Между тем, творчество Грильпарцера глубоко срослось с тем театром. который он носил в своей душе, и тем театром, который и создан в его драмах[11]. Грильпарцер как драматург ощущает себя профессионалом — в противовес ремесленнику и особенно дилетанту. В отличие от таких профессионалов венского театра, как Раймунд и Нестрой, у которых профессионализм есть бесконечное умножение ремесла актерской игры и актерского существования, профессионализм Грильпарцера — рождение новой эпохи: так или иначе оторванное от своей вещественной стихии, от сцены и от богемной жизни артистов, оно вынуждено разворачиваться в сугубо идеальной сфере, к действию своих пьес домысливать еще идеальный театр и идеального актера. Это — вынужденная пустота, которую приходится заполнять от начала и до конца самому. Это трагическое существование кабинетного драматурга, по аналогии к кабинетному ученому: условия позволяют ему жить, не опускаясь до ремесла, до поденщины, до поспешности, позволяют ему не зарабатывать на хлеб своим творчеством, но эти же условия не дают вещественно, до конца воплотить свое творчество, оставляют поэтому без удовлетворения. Правда, психологически Грильпарцер был трудным человеком — но у творца, который живет внутри своих произведений, все такие трудности — уже не факты биографии, но стороны творчества, у него весь его характер, со всеми его трудностями целиком уже перелился в художественные создания. И далеко не странно и не случайно то, что порыв к творчеству у Грильпарцера всегда борется с противоположно направленным стремлением, воля к творчеству вынуждена бороться с волей, которая идет против творческого порыва. Одновременно есть желание выявить наружу все свои возможности и другое — скрыть их и уйти в свое одиночество. Безусловно, поэт испытывал гнет тогдашней цензуры, но и этот гнет не является для поэта чем-то идущим извне, он сразу же и давно становится внутренним психологическим фактором и от этого — фактором творчества, он давно уже прибавляется ко всему негативному — к той воле, которая направляет свои усилия против творчества.

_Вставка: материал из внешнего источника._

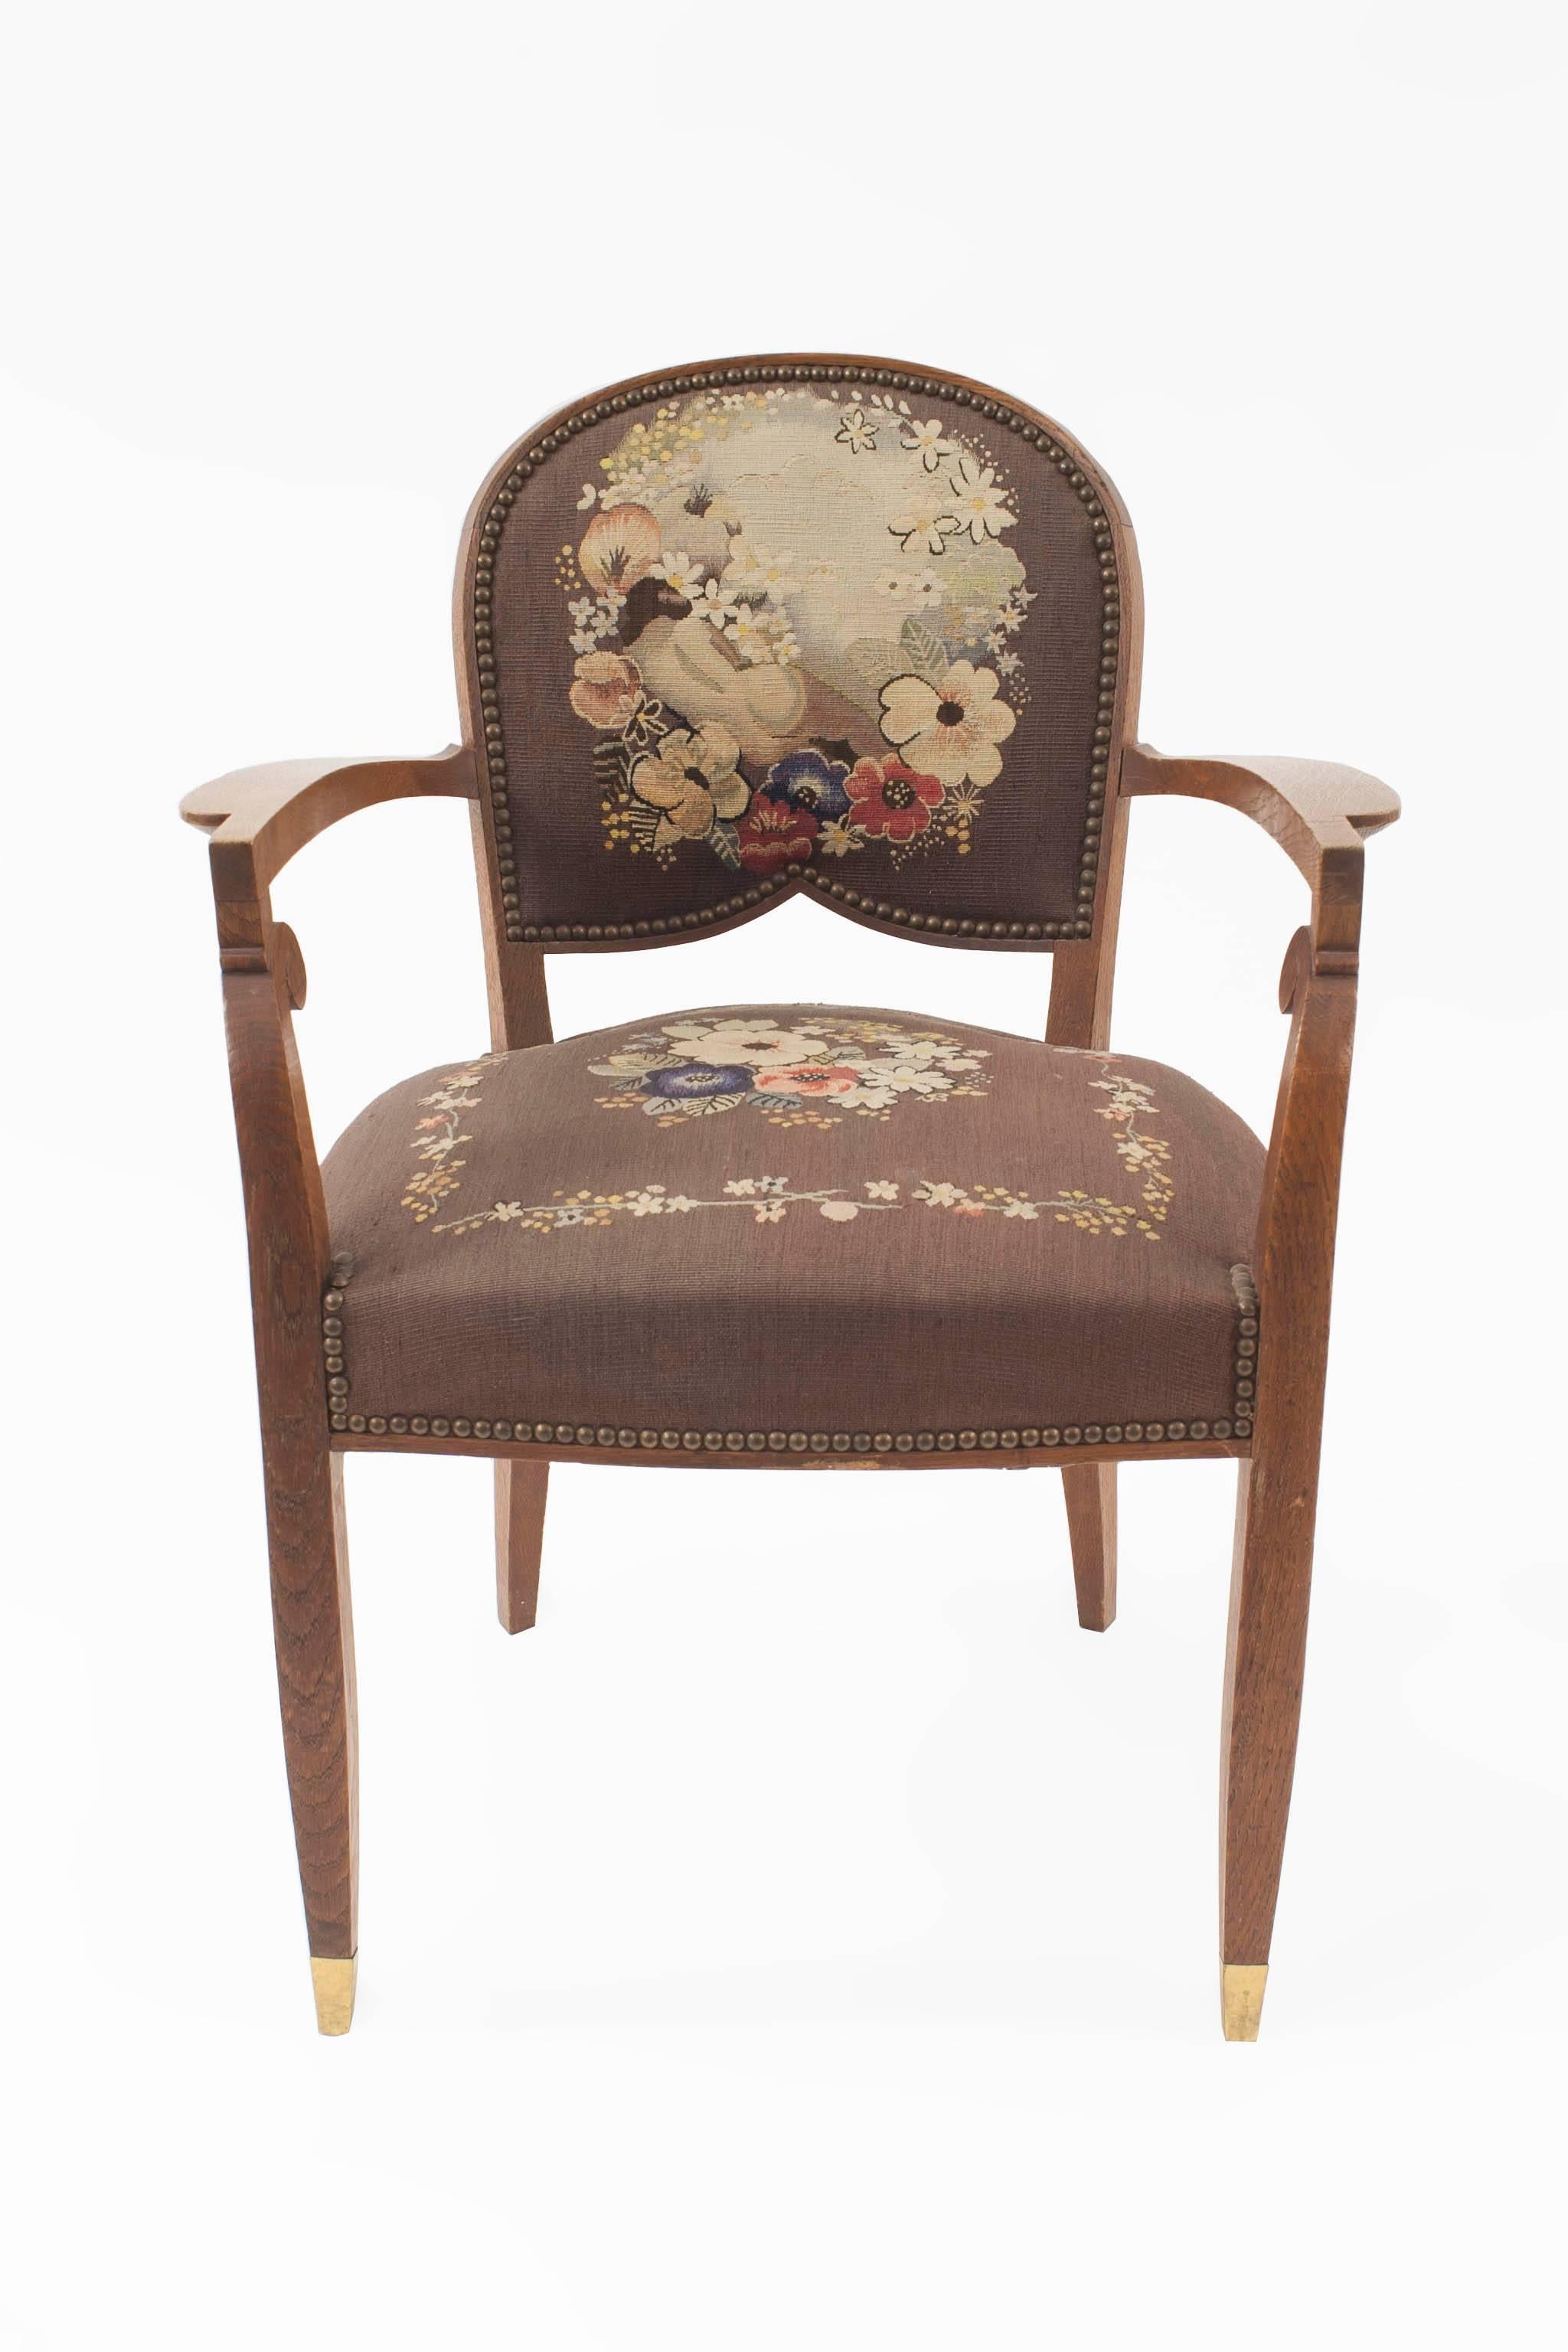 Pair of French Art Deco Armchairs with tapestry upholstery having a round back & scroll design arm (by JULES LELEU) (c.1940) Ref: Decorateurs Ensemble, Francoise Siriex) (similar bergeres: GRL 4554; loveseat CHM007)

Как профессионал, Грильпарцер хорошо знает свое место и свой уровень. Здесь и последующие поколения едва ли могли прибавить что-либо к его самооценке. Это едва ли гоже не черта поздней эстетической культуры, которая уже ясно видит в конечном счете и себя, и всех окружающих. Грильпарцеру принадлежит блестящий социологический портрет критика, который, в определенной культурной среде, несомненно, сохранил всю свою значимость и до наших дней. Помимо этого спокойного и трезвого анализа критика как социального феномена, Грильпарцер мог чувствовать еще спокойный же гнев к критикам. Вот Грильпарцер объясняет, почему такой-то критик не может быть его врагом: «Я не могу любить или ненавидеть короля английского или русского царя, — так пишет Грильпарцер, — я могу хвалить их или порицать, завидовать им или быть их благожелателем, — но врагом их может быть только другой государь, только равный им» (VI, 264). «В литературом мире, — объясняет Грильпарцер другому критику, действуют те же правила приличия, что и в обществе, — когда господа совершают ошибку, лакеи имеют право указать им на это, но только снявши шляпу» (VI, 259). Это в 1825 году. И, наконец, еще в 1817 году, после постановки «Праматери»: «На дуэли сражаются только равные» (VI, 250).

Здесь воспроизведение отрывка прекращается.